Варя не умела прятать свои чувства. Едва у нее выпала свободная минутка, она пришла по адресу, сообщенному Иваном Ивановичем, и очень огорчилась, узнав, что дорогие ее сердцу люди уже уехали. Даже знакомство с Наташей не развеселило ее, хотя сразу возникла обоюдная симпатия.
- Я очень хотела встретиться с вами, - сказала Наташа. - Моряк Семен Нечаев говорил, что вы не умеете плавать. Хотите, я вас научу? Я отлично плаваю.
- Спасибо! - Глаза Вари просияли, но улыбка быстро исчезла, и на лицо снова набежало облачко хмури. - Вряд ли поможет умение плавать, если в баржу попадет бомба: все равно пойдешь ко дну.
- Ну, а если это случится у берега?
- Мне думается, тогда я выплыву. Разве можно утонуть у берега?
Девушки посмотрели друг на друга и рассмеялись.
- Где вы живете?
- В блиндажах у переправы на той стороне. До сих пор не могу попасть на фронт! - В голосе Варвары прорвалось горькое волнение, когда она добавила. - Я думала, Иван Иванович возьмет меня в свой госпиталь.
- Он очень славный человек.
- Если бы вы знали, какой это хирург!
- Сначала я решила, что он влюблен в вас. Уж очень обрадовался, когда услышал… - чистосердечно сообщила Наташа и осеклась, увидав, как сразу помертвело лицо гостьи, густые щеточки ресниц ее задрожали и опустились, а губы совсем побелели.

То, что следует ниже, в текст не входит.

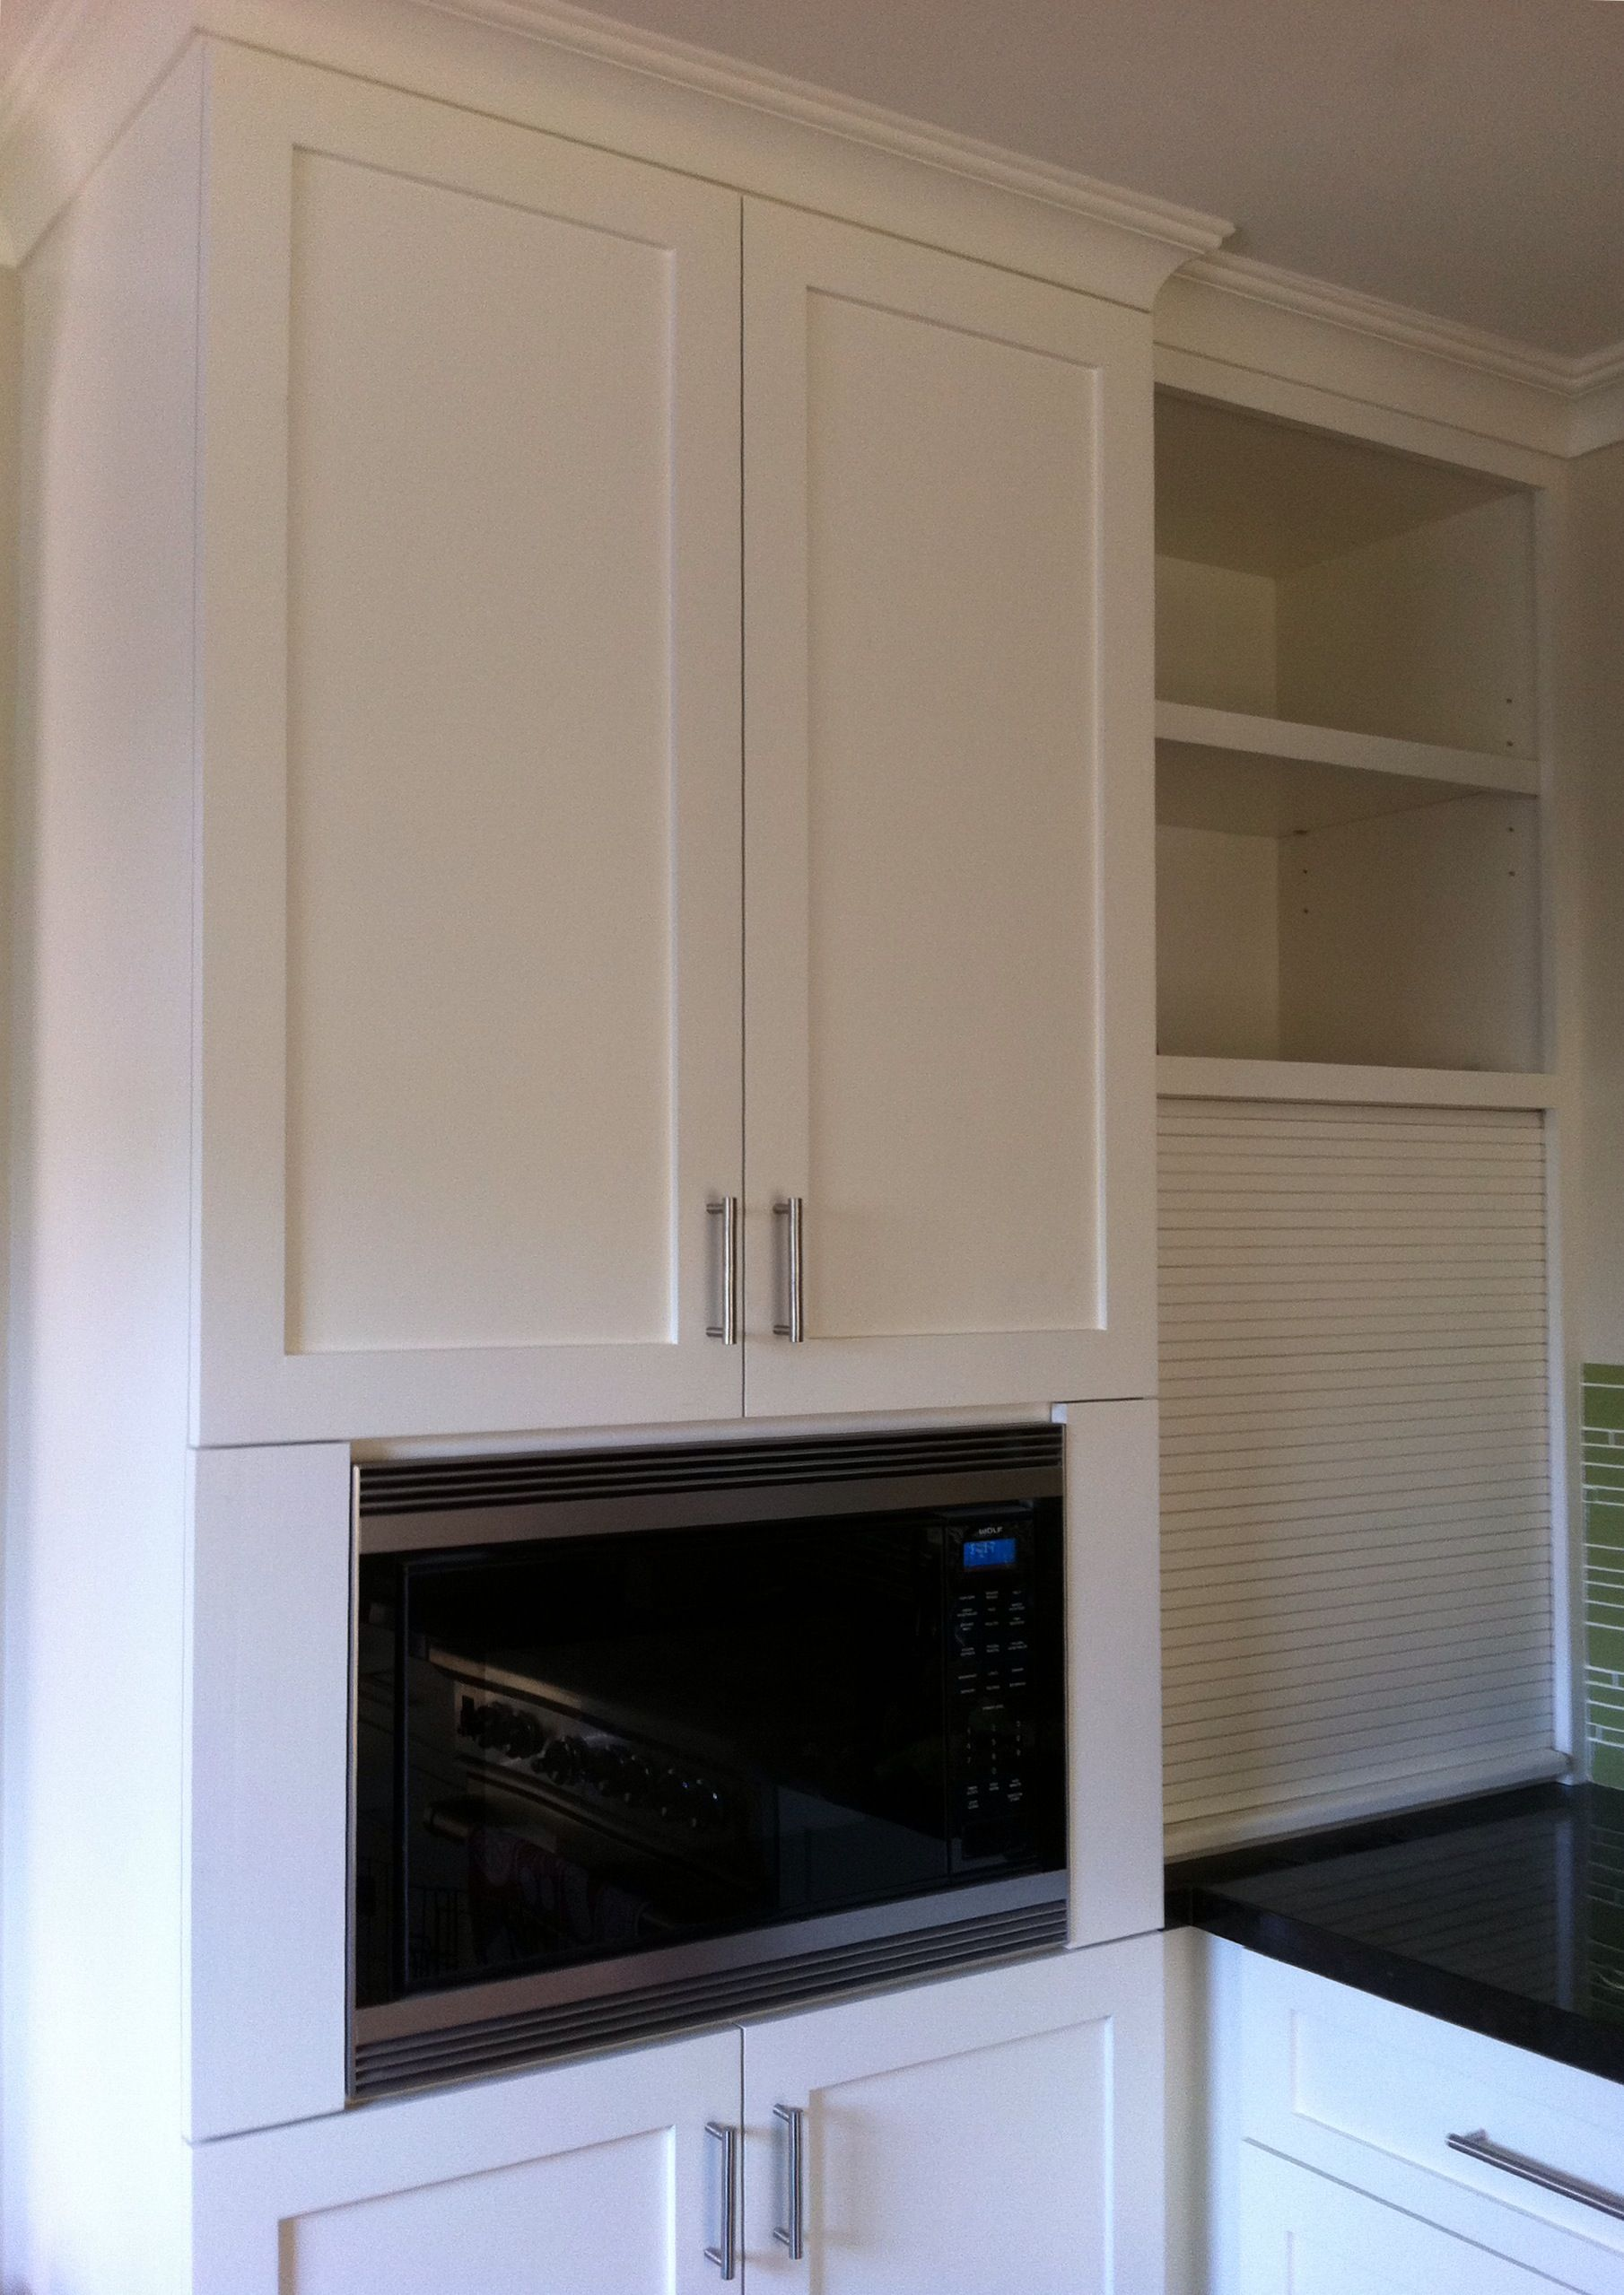 Pasadena Ca Residence Kitchen Remodel Latest Kitchen Ideas Interior Design Projects Kitchen Remodel

Наташе показалось, что девушка упадет, и она быстрым движением протянула к ней руки.
- Я не хотела зря волновать вас, но иногда я бываю просто глупой. Выходит, это вы любите его?..
- Да! - В лице Варвары снова заиграли живые краски. - Значит, он все-таки обрадовался?
- Очень, - горячо подтвердила Наташа, искренне пожалев, что не могла сообщить девушке ничего более серьезного о чувствах Аржанова.
В самом деле, почему она с увлечением рассказывает о любви и страданиях литературных героев и сердится, когда это происходит у близких ей людей?
"Вот и Семен с Линой, влюбились, пожениться хотят, а тут война… А как плакала Томочка, расставшись с Петей".
- Вы, наверно, еще не любили? - спросила Варя, пытливо следя за тем, как менялось выражение лица ее новой знакомки.
Наташа хотела солидности ради уклониться от прямого ответа, но не смогла.
- Да, мне никто особенно не нравится. Может быть, если кто-нибудь серьезный… Да нет, ну как скажешь серьезному человеку, что ничего такого не нужно?! Правда, ведь трудно?
В глазах Варвары промелькнул слабый отсвет улыбки. Какой взрослой почувствовала она себя по сравнению с этой большой девочкой! Но слова Наташи напомнили ей о Логунове.
- Да, трудно! В этих вопросах вообще все сложно, иногда даже невозможно разобраться. Вот Ивана Ивановича бросила жена. Он ее очень любил, а она ушла к другому.
- Как она могла! - возмутилась Наташа, сразу проникаясь сочувствием к доктору, который не щадил собственной жизни ради спасения других людей и которого так жестоко обидели. - Это безнравственно. Даже позорно для советской женщины! Понятно, когда уходят от плохих людей… А в таком случае надо наказывать!
- Но разве лучше жить с человеком, не любя его? - спросила Варя.
Наташа склонила светловолосую головку, легкие черточки бровей сдвинулись на загорелом лбу, показывая нелегкое раздумье.
Пример ее родителей говорил, что есть вечная, неразменная любовь! И только такой любовью хотела бы полюбить сама Наташа, когда придет ее время.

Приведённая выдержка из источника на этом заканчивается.